Adelman, Perle's Defense Policy Board colleague who held important government posts as Rumsfeld's subordinate, was interviewed by CNN's Wolf Blitzer on Dec. 6, 2001. "I don't agree that you need an enormous number of American troops," said Adelman. Hussein's army "is down to one-third than it was before, and I think it would be a cakewalk." Since then, Adelman has stuck to that estimate.

Last Nov. 23, I asked Rumsfeld whether he agreed with Adelman. "Well, I really don't," he said, but then indicated he understood how his friend came to that conclusion. "Saddam Hussein's forces are considerably weaker today than" in 1991, while "our forces are considerably stronger." He suggested that only Iraqi "weapons of mass destruction" -- presumably chemical weapons -- could "change the equation." No such weapons have yet been used, but the Iraqis have put up stout resistance.

While Army officers would have preferred a larger commitment, even what was finally approved for Operation Iraqi Freedom was reduced when the 4th Infantry Division was denied Turkey as a base to invade northern Iraq.

The Defense and State departments point fingers. Secretary of State Colin Powell is criticized for not flying to Ankara to convince the Turkish government. The Pentagon is criticized for not immediately dispatching the division via the Red Sea.

"We have never done something like this with this modest a force at such a distance from its bases," retired Gen.
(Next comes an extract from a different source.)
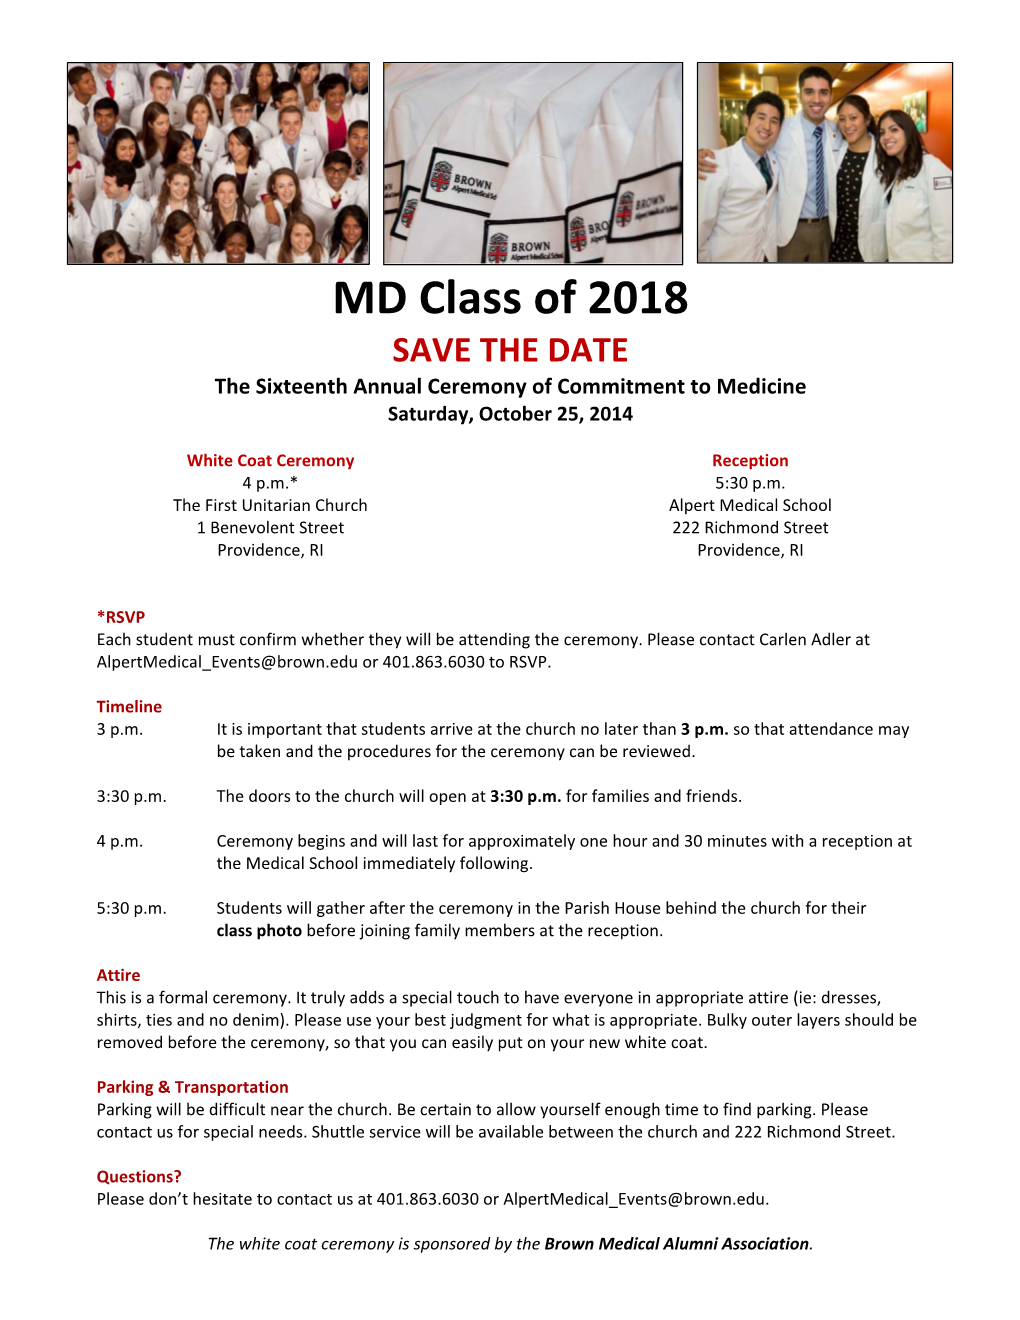 MD Class of 2018 SAVE the DATE the Sixteenth Annual Ceremony of Commitment to Medicine Saturday, October 25, 2014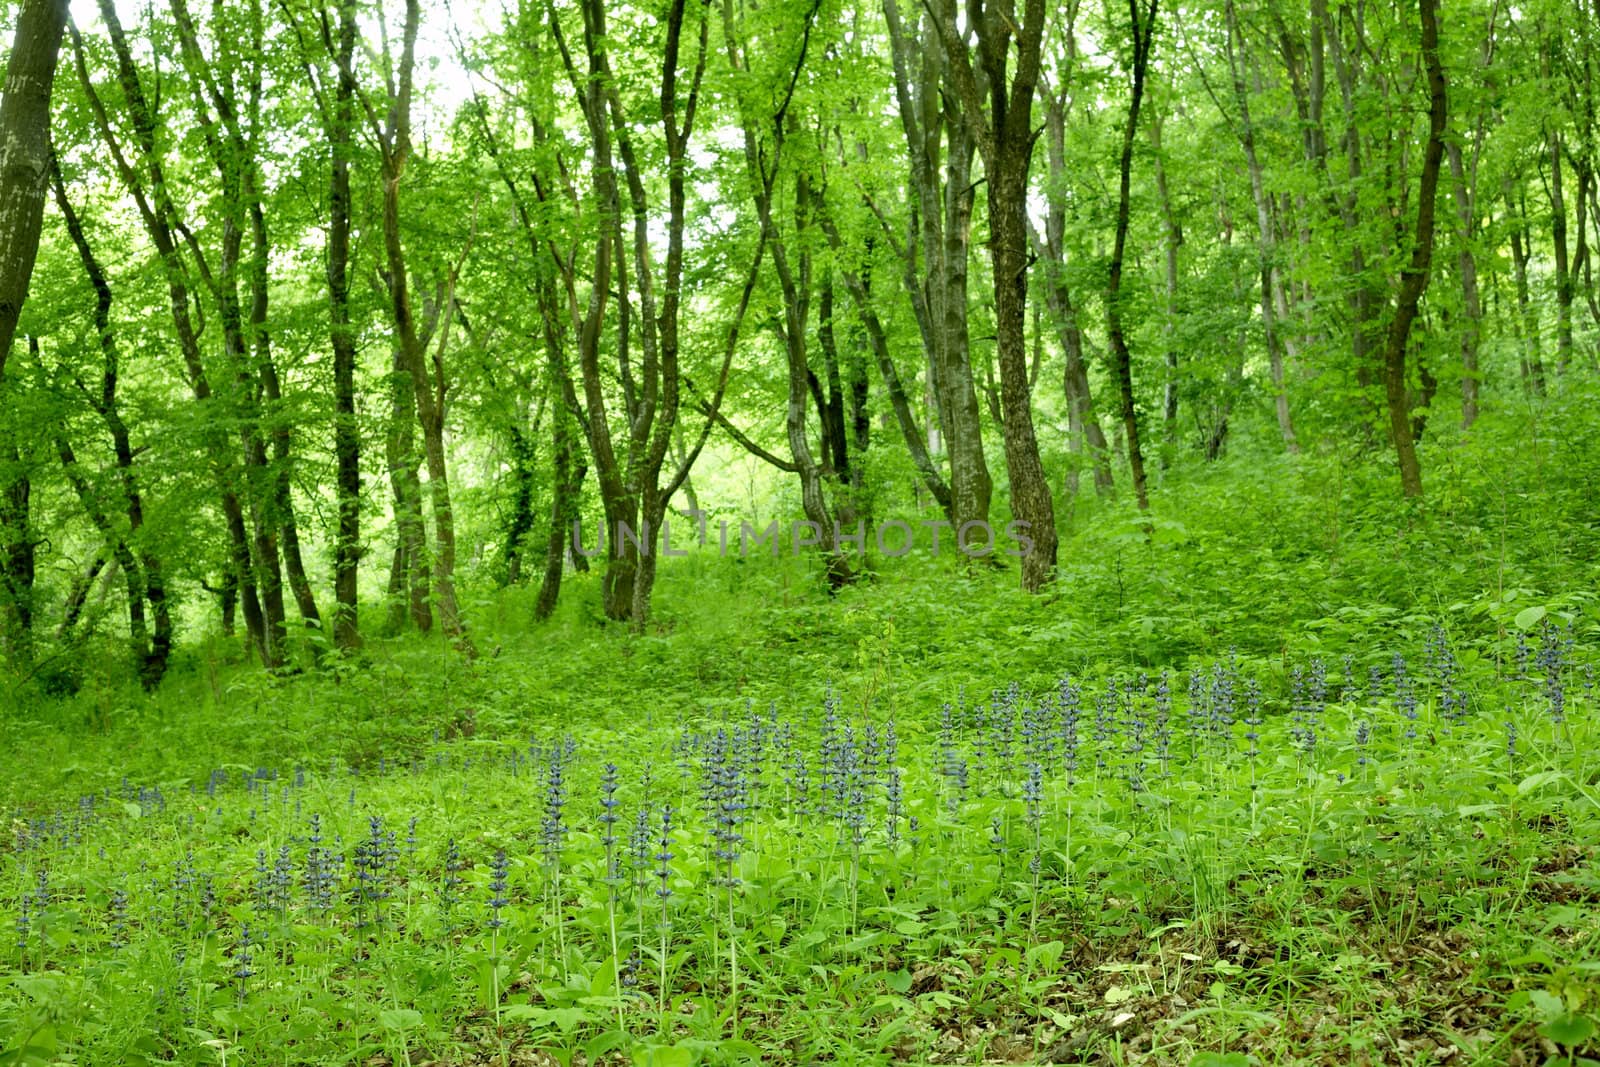 An image of a green grass in a forest

Barry McCaffrey, a division commander in the first Gulf War, told the BBC Monday, contending Rumsfeld had erred.

A bigger stir was made in the Defense establishment by the column in Tuesday's Washington Post by retired Lt. Col. Ralph Peters, a noted writer on military affairs. E-mails and phone calls flowed through the Pentagon agreeing with Peters's view that Rumsfeld committed a "serious strategic miscalculation" in not sending enough troops and relying on the "shock and awe" bombing campaign.

Yet, civilian and military sources high in the government now believe coalition forces, short on manpower, must rely on air power to win the battle of Baghdad. Clearly, it is no cakewalk.